2. Focus on Something Other than the Food

So many gatherings with family, friends, and coworkers are centered around food and drinks. Your social calendar during the holiday season may include a lot of buffets, dinner parties, potlucks, and happy hours. Plus there are the traditional big meals on Thanksgiving and Christmas Day. While it’s hard to get around the focus on food at those meals, when you’re at a party, find other ways to enjoy the event. It’s not all about the food, you’re also there to socialize and spend time with people. So instead of lingering by the snack table, make an effort to make the rounds to talk with people and participate in party games or other activities. 

3. Bring a Healthy Dish to Share

If you are going to a potluck, family dinner, or other party focused around a meal, bring something healthy that you can eat and make enough to share. That way, you know you will have a healthy option so you won’t be “forced” to eat something that’s not part of your meal plan. Also, by having enough to share with others, you might feel less singled out by eating different food than the rest of the party.

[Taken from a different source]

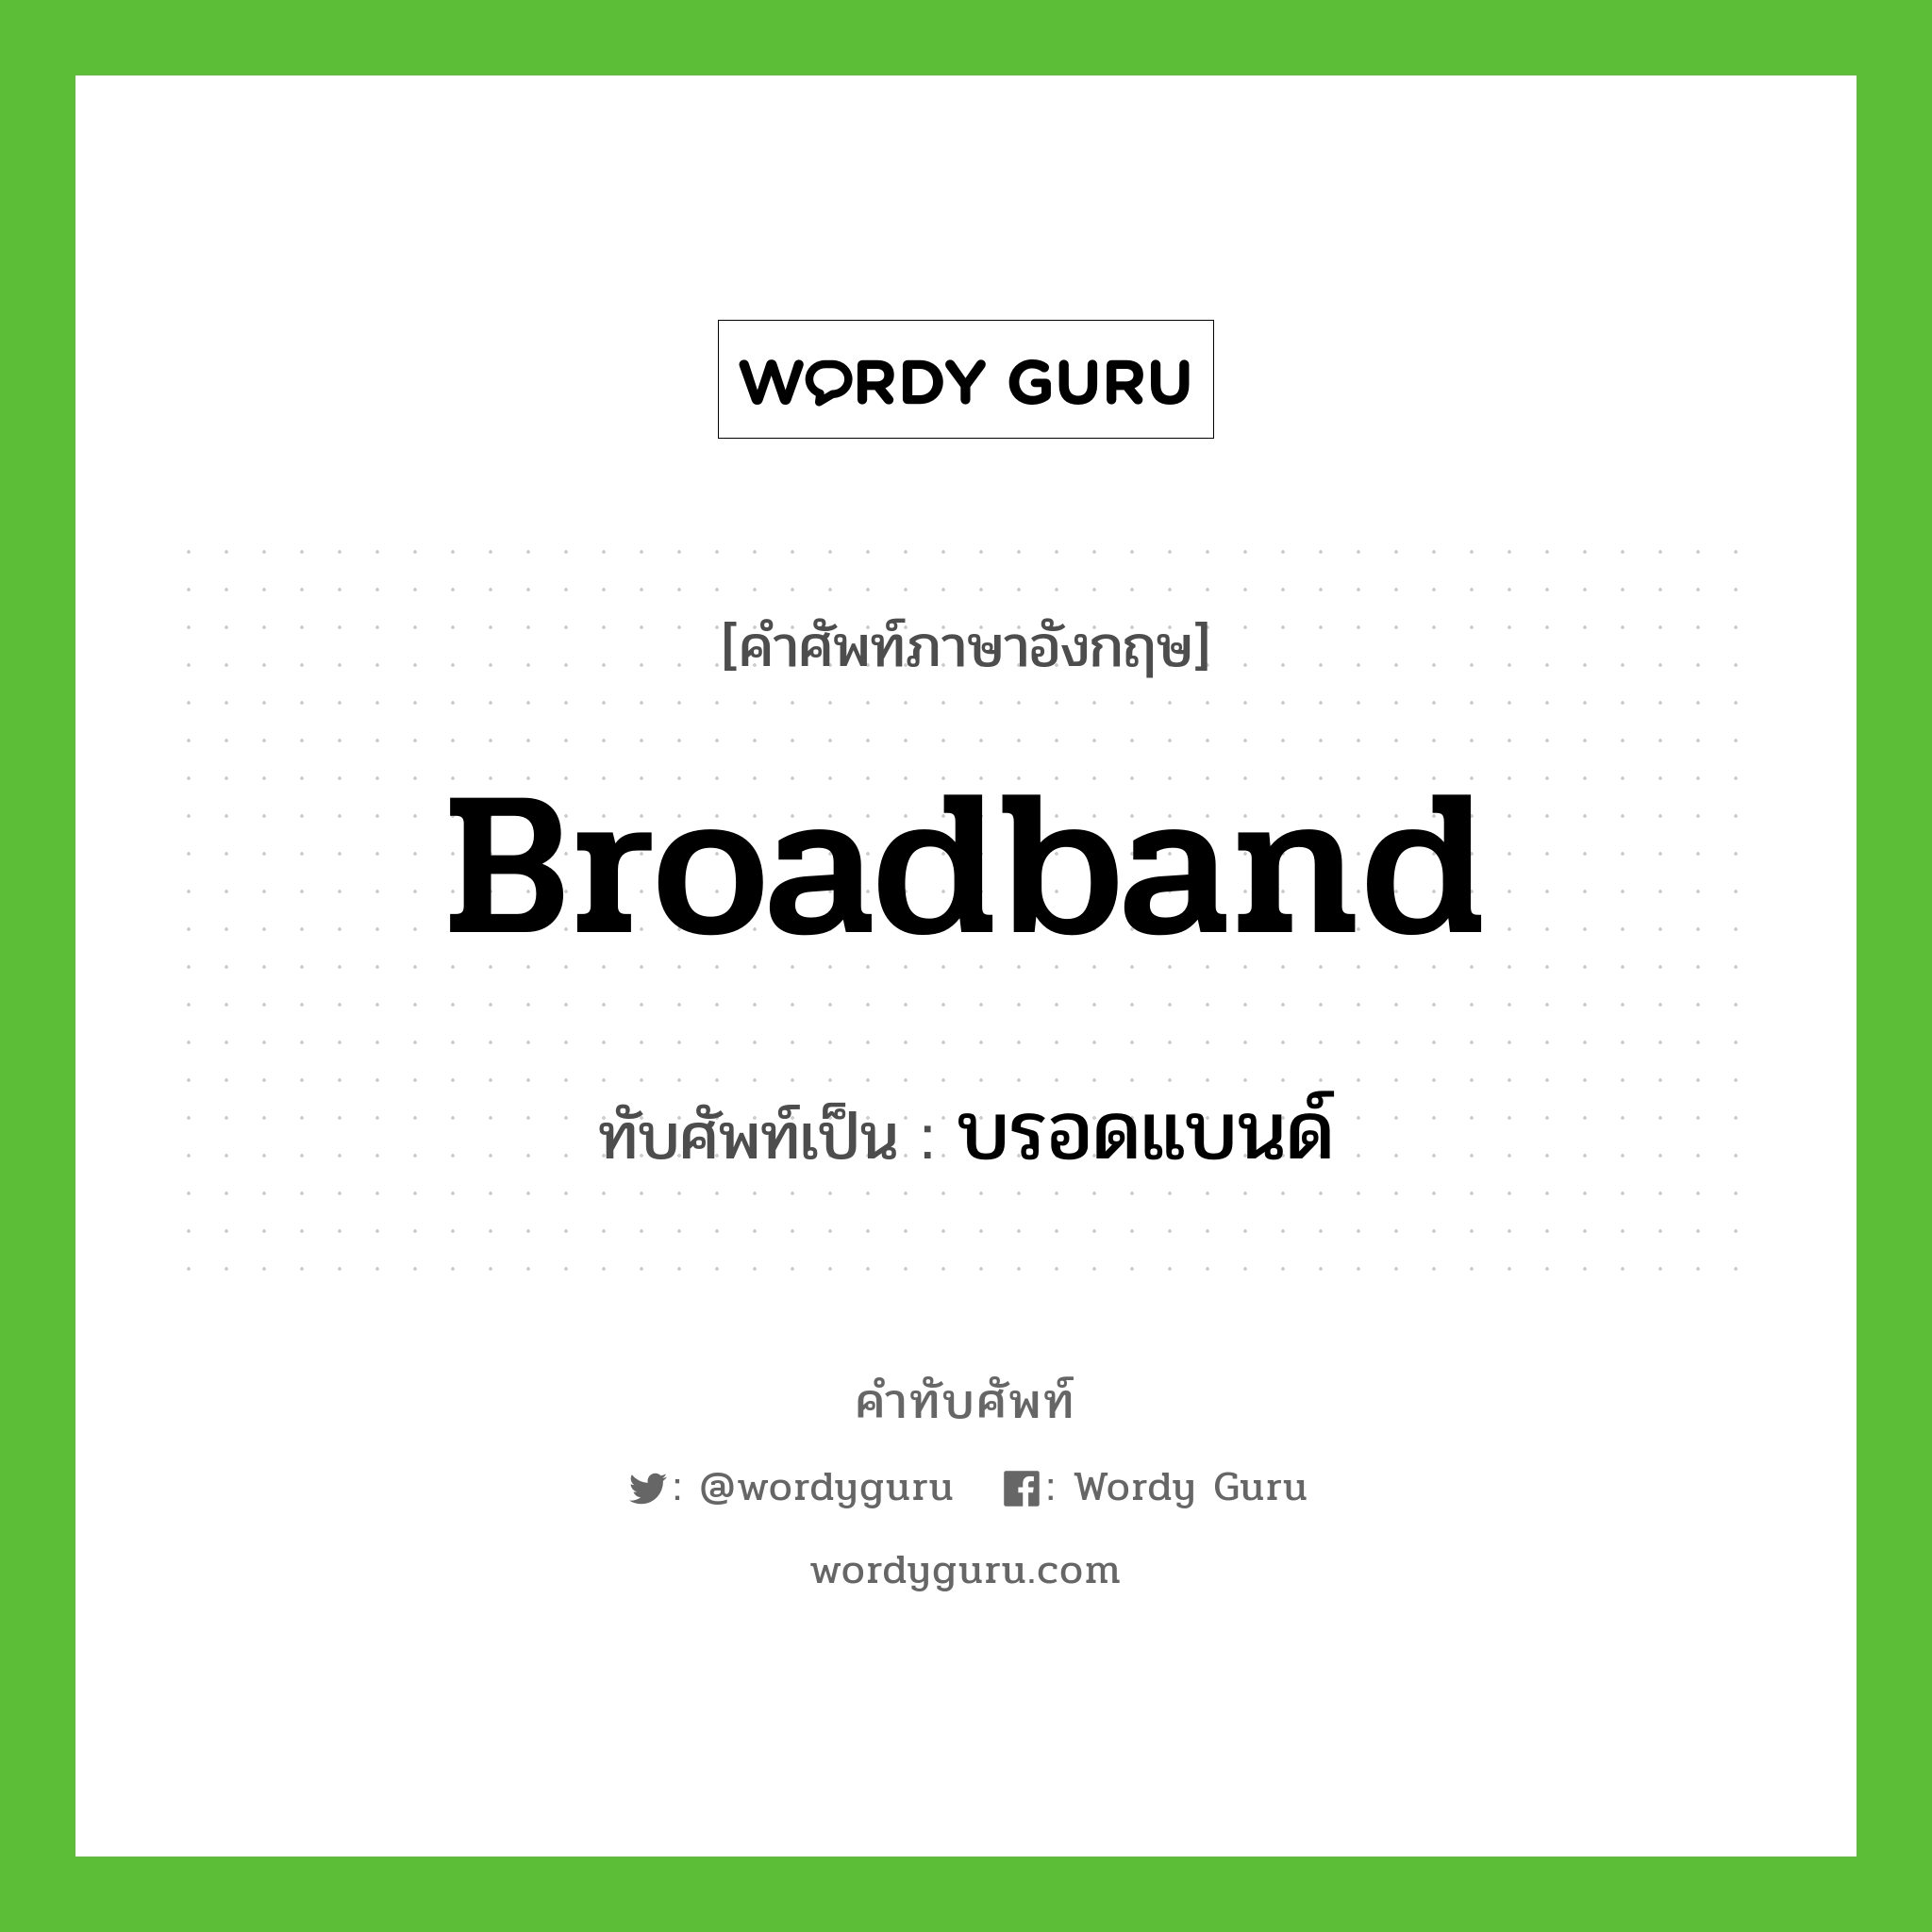 broadband เขียนเป็นคำไทยว่าอะไร?, คำศัพท์ภาษาอังกฤษ broadband ทับศัพท์เป็น บรอดแบนด์
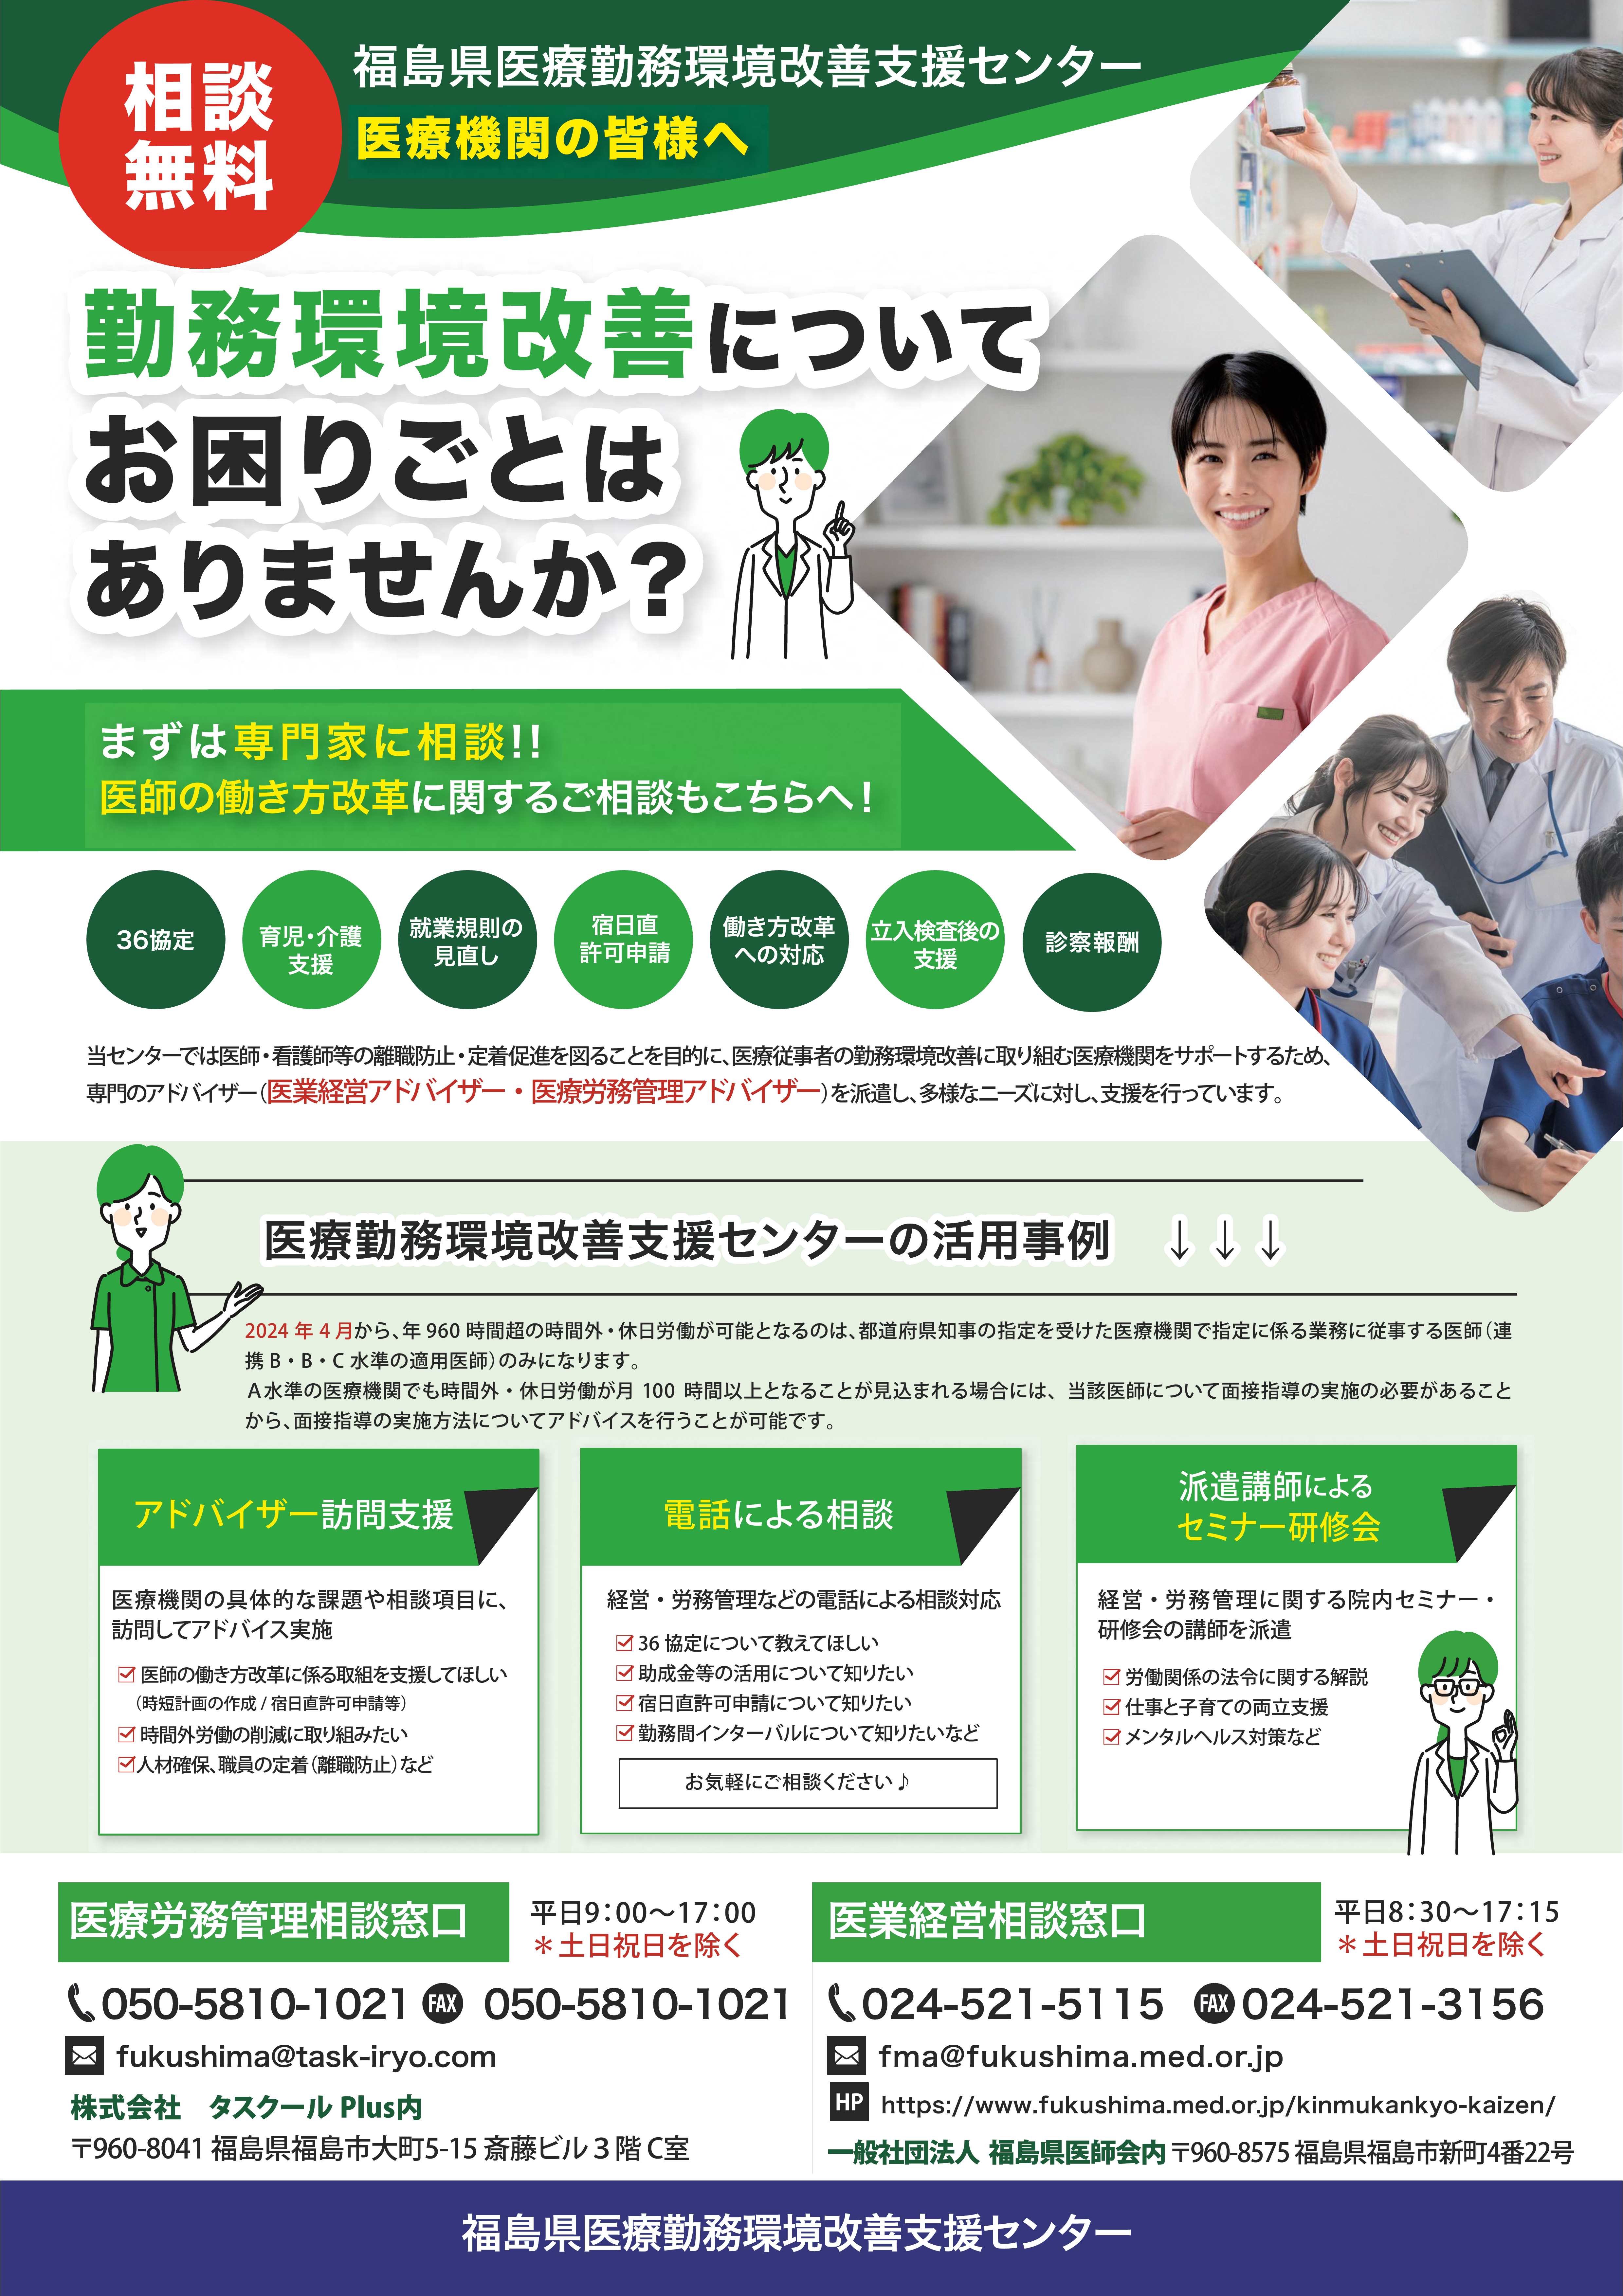 福島県医療勤務環境改善支援センターのチラシ

4. Be Careful of Liquid Calories

Holiday parties often mean festive libations. But don’t forget that a lot of alcoholic drinks can be high in calories, especially mixed drinks that use simple syrup, sugar, or juice. Egg-nog is another festive, high-calorie offender even if it isn’t alcoholic. The same goes for hot cocoa. So when you’re figuring out how much you can indulge, take drinks into account.

5. Stay Active

Studies have shown that starting your day with exercise can lead to better decisions about health and diet during the rest of the day. Food may be less tempting and you may have fewer cravings. To avoid holiday weight gain, try increasing the length or frequency of your workouts.

6. Limit Indulgences

While it is important to cut out most foods that are high in sugar, starch, or unhealthy fats, a highly restrictive mindset may backfire. If you have a lot of holiday parties on your schedule, let yourself have one small serving of the treat at each party. Or try the three-bite rule: take three bites of the food even if the portion is larger. The first bite will give you that taste you’re craving, the middle bite lets you enjoy it, and the last bite is for savoring. You may want to compensate with more exercise and fewer calories during the day. On days you do not have parties, just skip any indulging altogether.

7. Use a Small Plate

Ask for a small plate when eating at parties and celebrations that way when you fill your plate, there is less room to load it up with not-great foods. There are also theories that when you use a smaller plate, it looks like you are having a full portion rather than a partial one, which can make you feel satisfied with less. And don’t go back for seconds.

8. Be Picky

When choosing appetizers or buffet items, half the plate should be vegetables, one-quarter meat, and one-quarter starch. If there is a veggie platter, don’t fall into the trap of dipping them in creamy dressings. Limit crackers, cheese, and meat if charcuterie is offered. Also, try and get as many servings of fruits and vegetables as possible, seven is recommended for avoiding weight gain.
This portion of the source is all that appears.